#### [To do]
Omitting all images, set down every line below exactly as it appears.
** Opening Given data block **
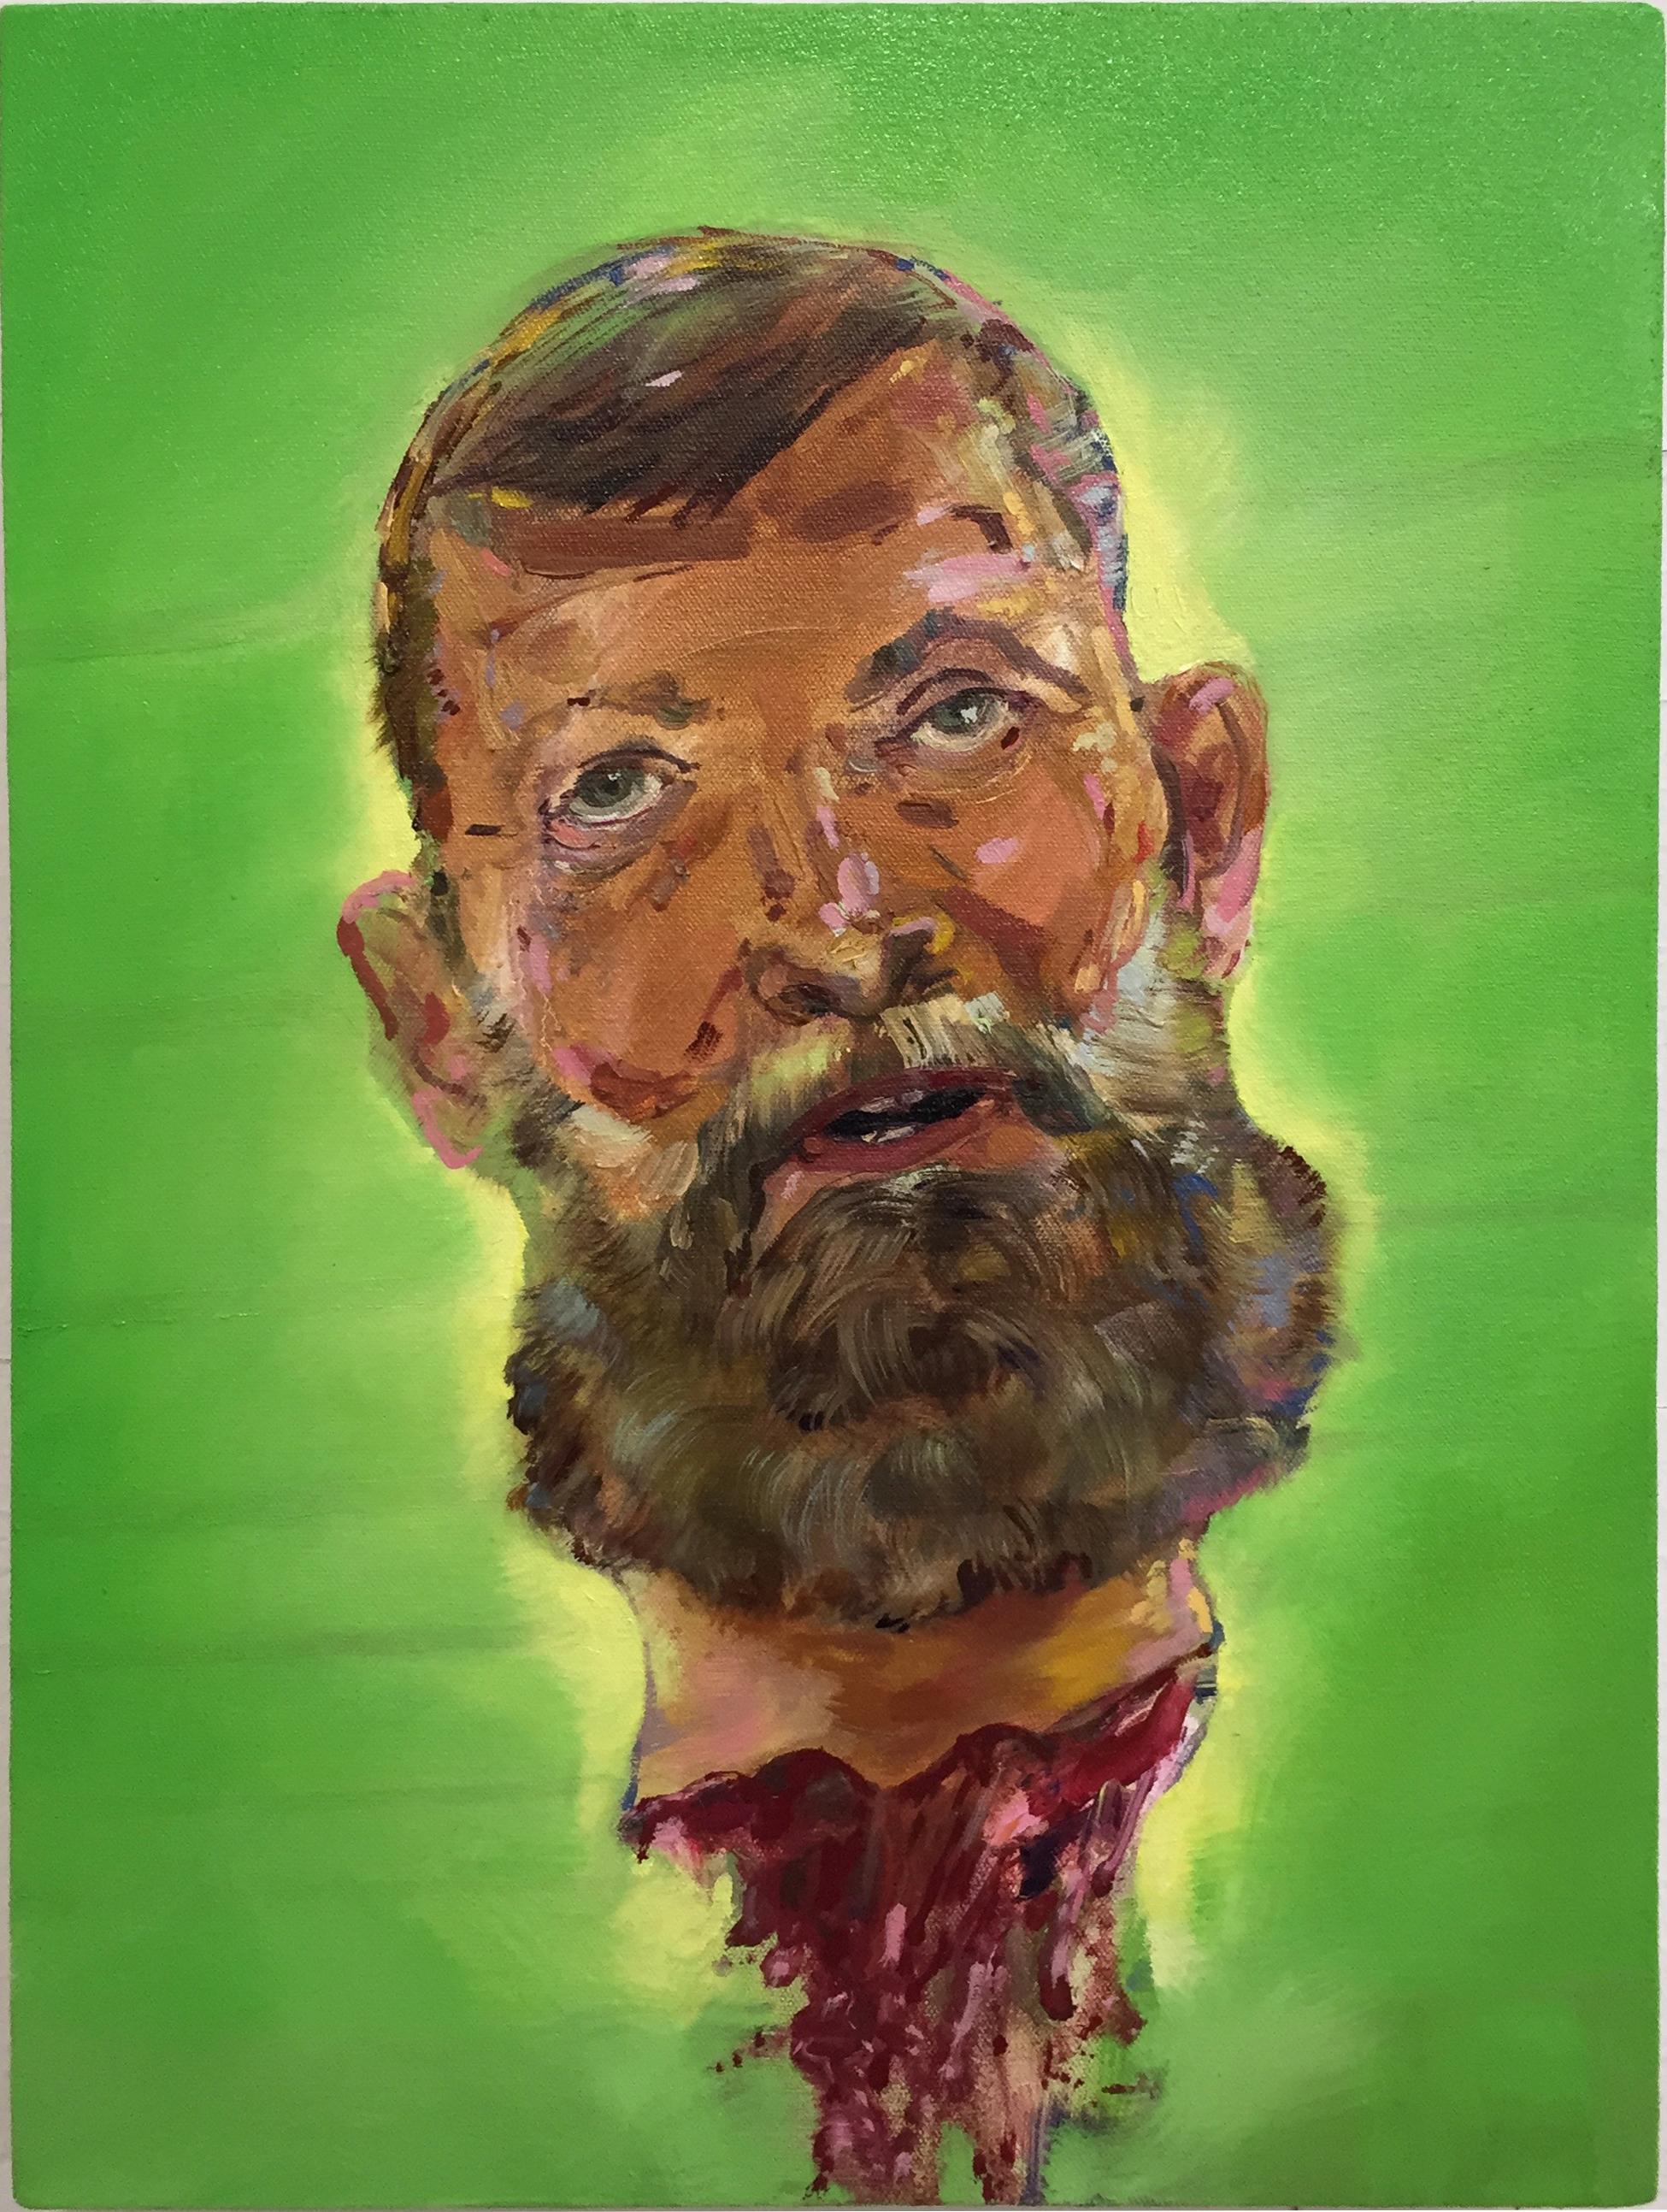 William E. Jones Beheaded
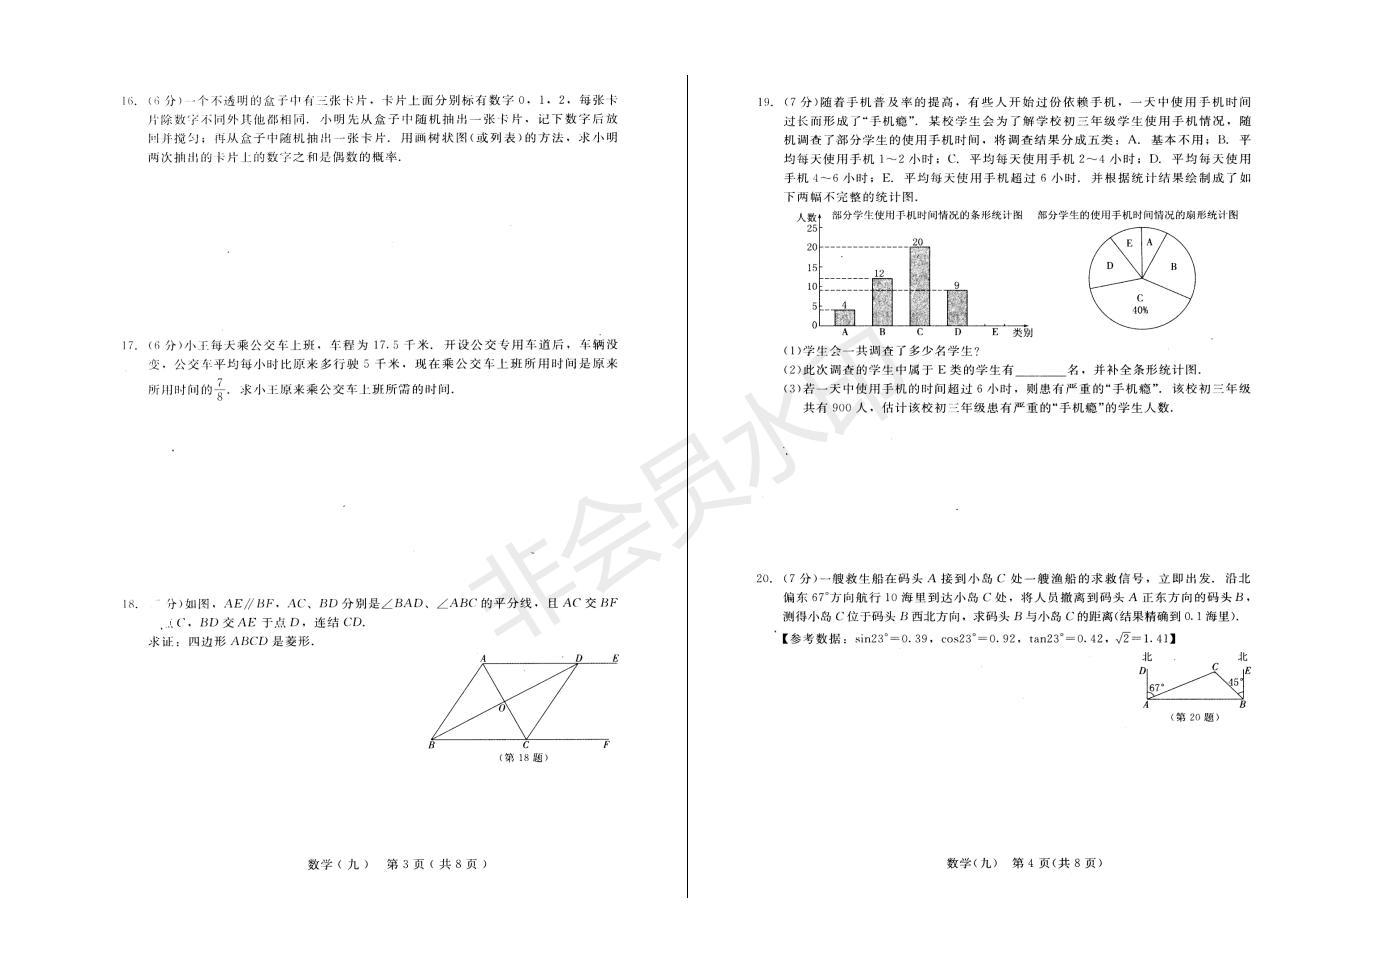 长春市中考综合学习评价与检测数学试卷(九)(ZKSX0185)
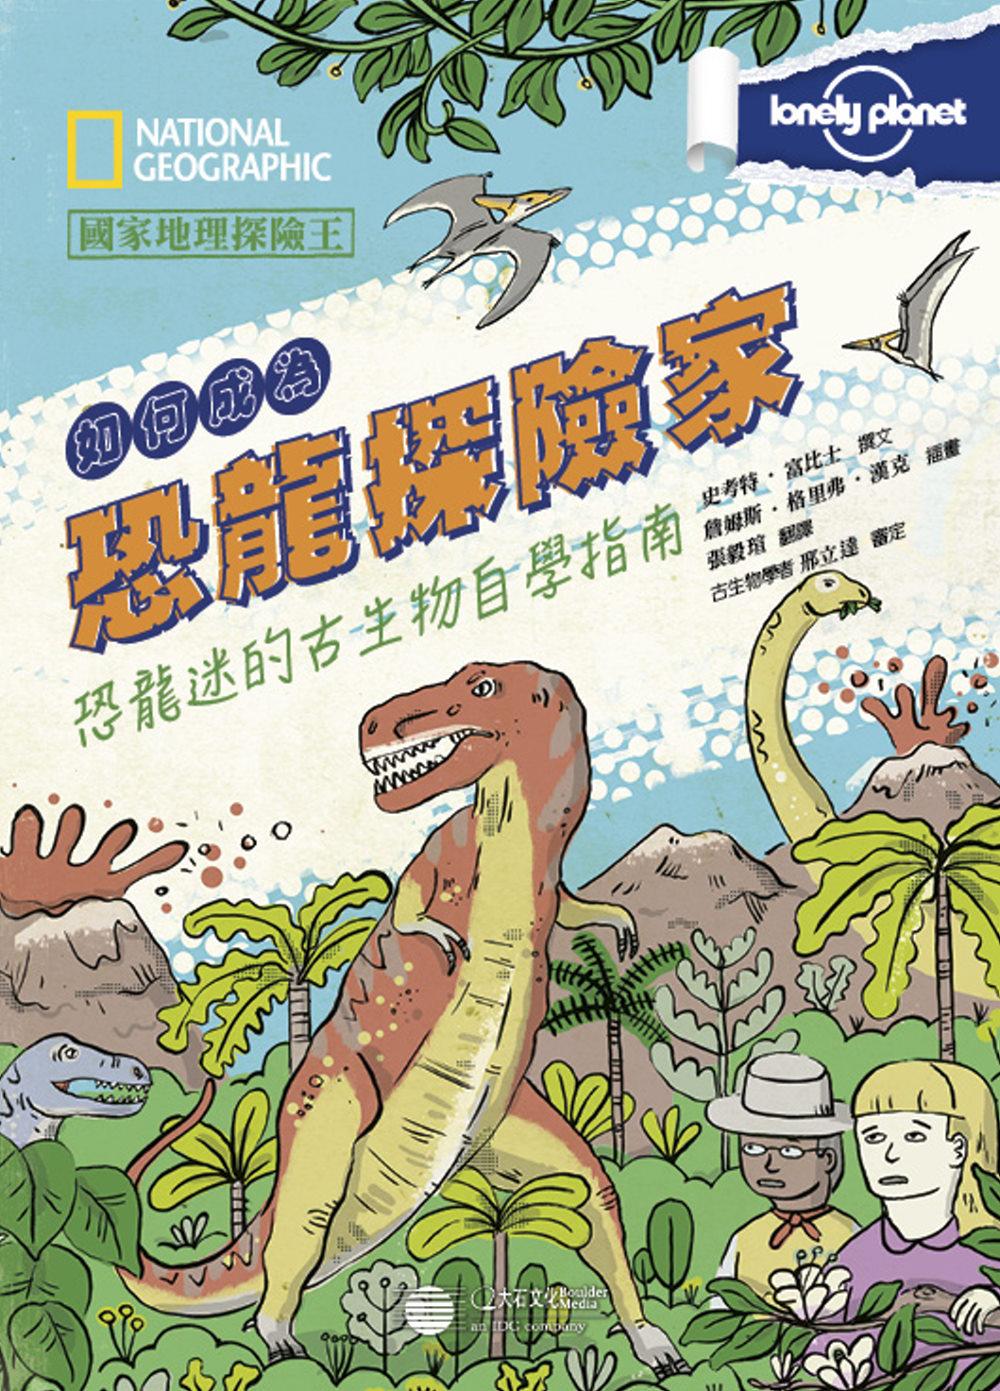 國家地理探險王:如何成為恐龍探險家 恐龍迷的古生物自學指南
** Closing Given data block **
#### [Expected answer]
 William E. Jones Beheaded
 长春市中考综合学习评价与检测数学试卷(九)(ZKSX0185)
 國家地理探險王:如何成為恐龍探險家 恐龍迷的古生物自學指南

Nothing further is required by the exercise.